Most robot application functions (RAFs) require sources of information and generate data that go to destinations. The sources are defined within the robot and are not necessarily related to the fields in the resource description that the robot ultimately generates. Destinations, on the other hand, are generally the names of fields in the resource description, as defined by the resource description server’s schema.
The following sections describe the different stages of the filtering process, and the sources available at those stages:
At the Setup stage, the filter is set up but cannot yet obtain information about the resource’s URL or content.
At the MetaData stage, the robot encounters a URL for a resource but it has not downloaded the resource’s content. Thus information is available about the URL as well as data that is derived from other sources such as the filter.conf file. At this stage, however, information about the content of the resource is not available.
Table 12–2 Sources Available to the RAFs at the MetaData Phase
Source |
Description |
Example |
---|---|---|
csid |
Catalog server ID |
x-catalog//budgie.siroe.com:8086/alexandria |
depth |
Number of links traversed from starting point |
10 |
enumeration filter |
Name of enumeration filter |
enumeration1 |
generation filter |
Name of generation filter |
generation1 |
host |
Host portion of URL |
home.siroe.com |
IP |
Numeric version of host |
198.95.249.6 |
protocol |
Access portion of the URL |
http, https, ftp, file |
path |
Path portion of the URL |
/, /index.html, /documents/listing.html |
URL |
Complete URL |
http://developer.siroe.com/docs/manuals/ |
At the Data stage, the robot has downloaded the content of the resource at the URL and can access data about the content, such as the description and the author.
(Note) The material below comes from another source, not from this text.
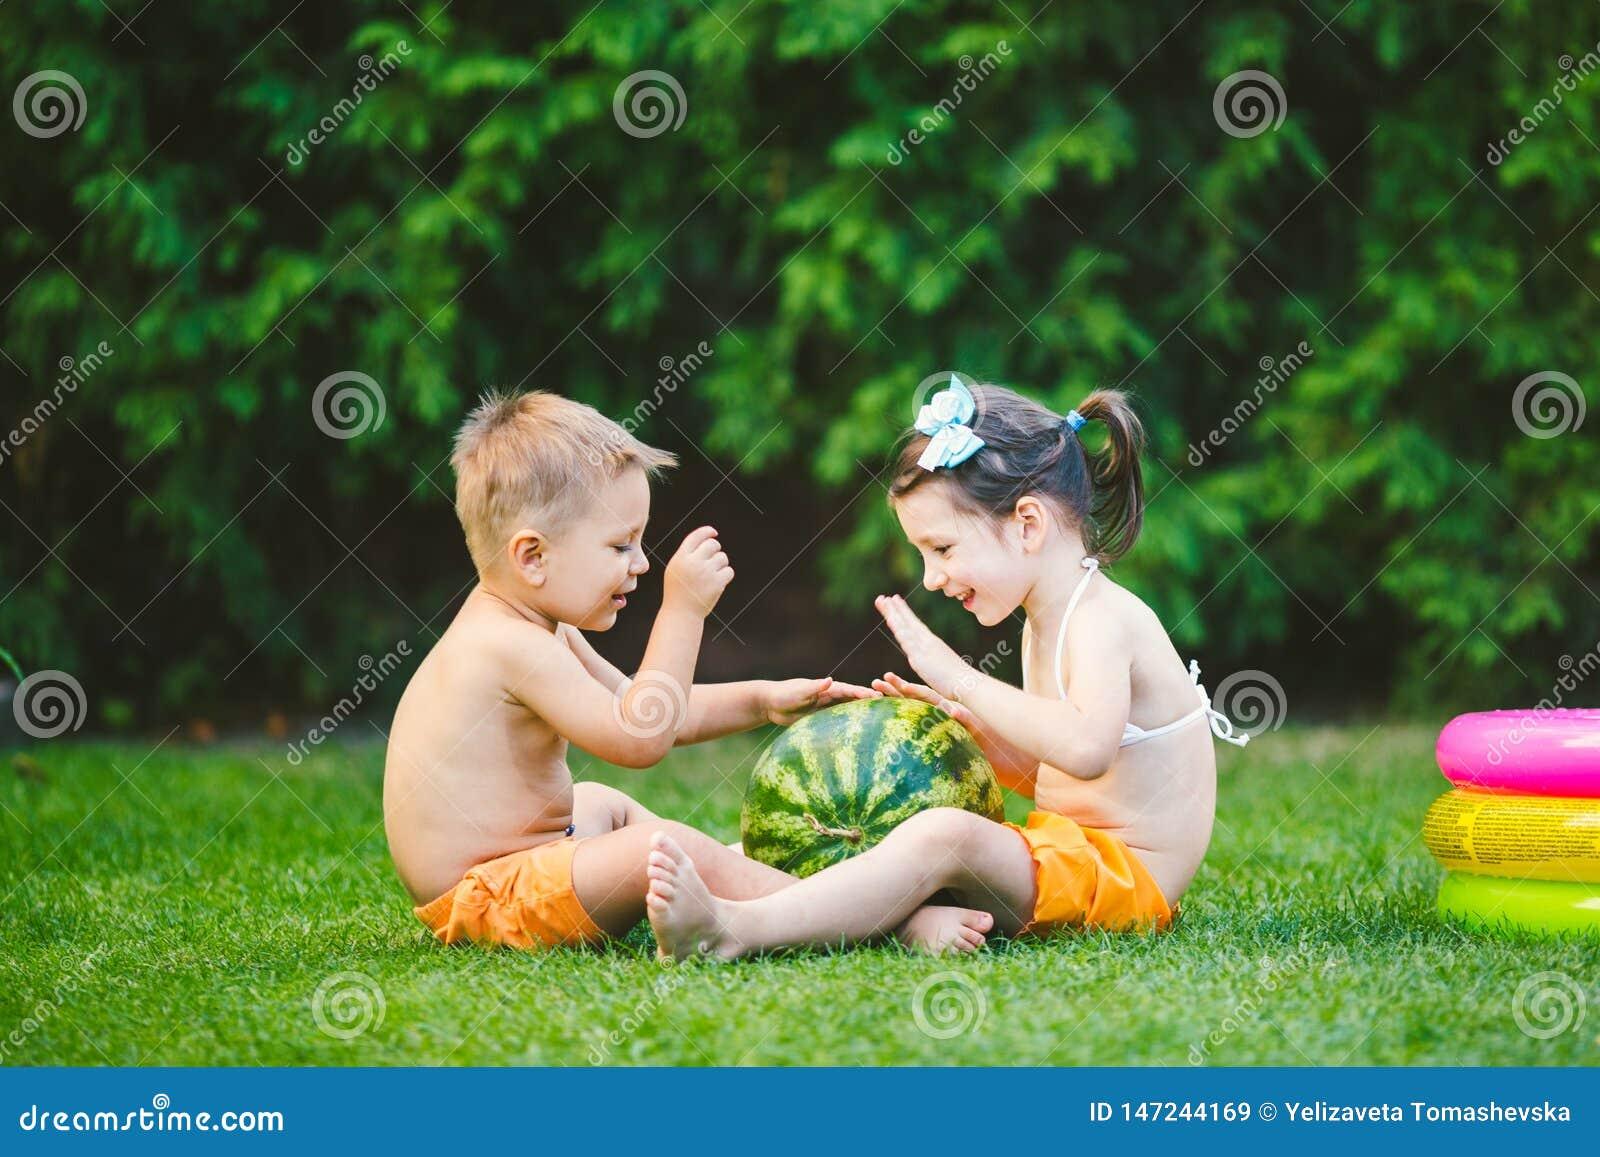 Zwei Kinder, kaukasischer Bruder und Schwester, sitzend auf gr?nem Gras im Hinterhof des Hauses und umarmen gro?e geschmackvolle

If the resource is an HTML file, the Robot parses the <META> tags in the HTML headers. Consequently, any data contained in <META> tags is available at the Data stage.
During the Data phase, the following sources are available to RAFs, in addition to those available during the MetaData phase.
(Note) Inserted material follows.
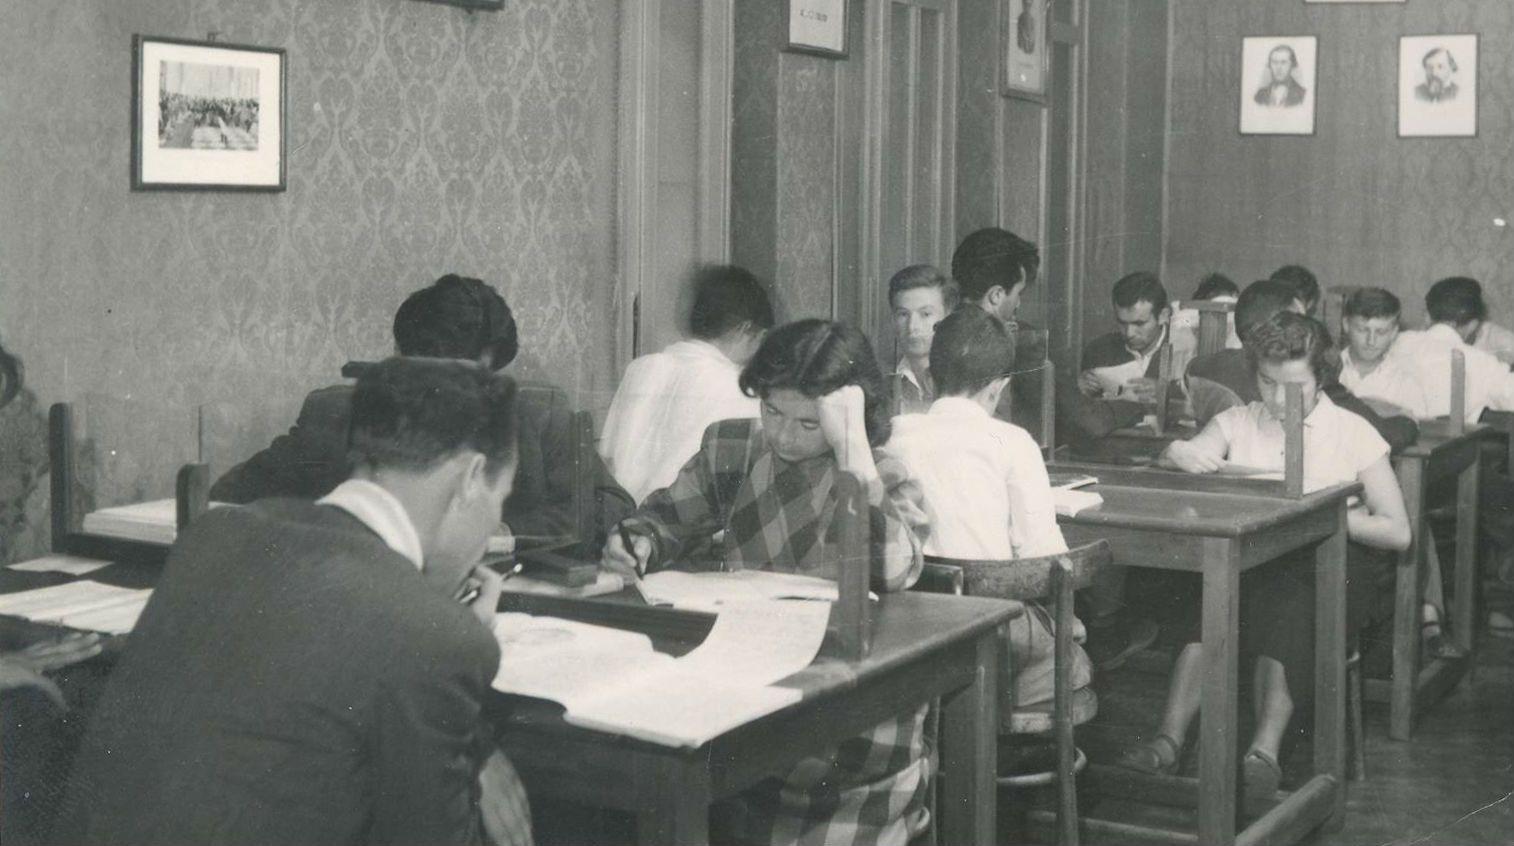 Një nga sallat e vjetra të leximit

Table 12–3 Sources Available to the RAFs at the Data Phase
Source |
Description |
Example |
---|---|---|
content-charset |
Character set used by the resource | |
content-encoding |
Any form of encoding | |
content-length |
Size of the resource in bytes | |
content-type |
MIME type of the resource |
text/html, image/jpeg |
expires |
Date the resource expires | |
last-modified |
Date the resource was last modified | |
data in <META> tags |
Any data that is provided in <META> tags in the header of HTML resources |
Author, Description, Keywords |
All of these sources except for the data in <META> tags are derived from the HTTP response header returned when retrieving the resource.
At the Enumeration and Generation stages, the same data sources are available as in the Data stage. See Table 12–3 for information.
At the Shutdown stage, the filter completes its filtering and shuts down. Although functions written for this stage can use the same data sources as those available at the Data stage, the shutdown functions typically restrict their operations to robot shutdown and clean-up activities.
Each function can have an enable property. The values can be true, false, on, or off. The management console uses these parameters to turn certain directives on or off.
The following example enables enumeration for text/html and disables enumeration for text/plain:
# Perform the enumeration on HTML only Enumerate enable=true fn=enumerate-urls max=1024 type=text/html Enumerate enable=false fn=enumerate-urls-from-text max=1024 type=text/plain |
Adding an enable=false property or an enable=off property has the same effect as commenting the line. These properties are used because the management console does not write comments.